I'm teaching a home-schooled 13 year old some physics and chemistry, and last night's experiment was an attempt to measure the density of air.
Using an electronic balance that has proved pretty reliable, and weighs things up to several tens of grams to a precision of +/- 0.01 g, we weighed an empty balloon in a little cardboard platform (total about 7g).
Then we inflated it by blowing into it and weighed it again.
The weight difference was 0.3g.
We then captured the air as follows, using:
- a large bowl of water
- a 1l plastic kitchen measuring jug, calibrated in 50ml increments
The jug was filled with water by dipping under the surface in the bowl, and held inverted with the rim about 1cm below the surface of the water.
The air was released from the balloon under water, capturing it in the inverted jug, stopping the flow and refilling the jug with water when 800ml had been collected each time.
Total volume of air collected: 4000 ml, +/- 200 ml.
This gives a density of:
(1,000,000 / 4000) x 0.3 = 75g per cubic meter.
Whereas the accepted density of dry air is more like 1.3 kg per cubic meter.
So my result is a factor of 17 too small!!

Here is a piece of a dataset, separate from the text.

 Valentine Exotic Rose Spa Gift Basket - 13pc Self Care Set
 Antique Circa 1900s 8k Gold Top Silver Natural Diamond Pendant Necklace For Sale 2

My method was fairly crude, but there is clearly a colossal error here.
Certainly exhaled air is wet, and warmer than ambient, with more carbon dioxide and less oxygen, and hence of a different density - but not by a factor of 17!
Collecting the air under water could also have introduced errors - however, with each jugful of water I was careful to ensure that once I'd collected each lot of 800ml of air, the water level inside the jug was the same as the water level in the bowl, so that the air inside the jug would be pretty close to ambient atmospheric pressure. Again, errors here would be a few percent, not a huge factor!
I think the pressure in the balloon is irrelevant - the contained air weighs whatever it weighs - it's the collected volume that's important, not the volume in the balloon.
So, what am I doing wrong?
Edit to describe updated method:
Having recovered from my embarrassment at failing to do this properly the first time, some may be interested in a repeat of the experiment which has yielded a much better result:
I cut the valve out of a bicycle inner tube and glued it into the lid of a 2 litre pop bottle, having first drilled a suitable hole in the lid through which to poke the valve.
This enabled me to pump the bottle up to about 25 psi with a bicycle pump.
This time, unlike the balloon, the bottle stretches only very slightly under pressure, so the extra weight really is the extra weight of the air.
We collected the weighed extra air over water as before to measure its volume. 2.65 g air had a volume of 2.4 l.
The density came out as 1100 g/m3, which isn't too far from the accepted value of 1225.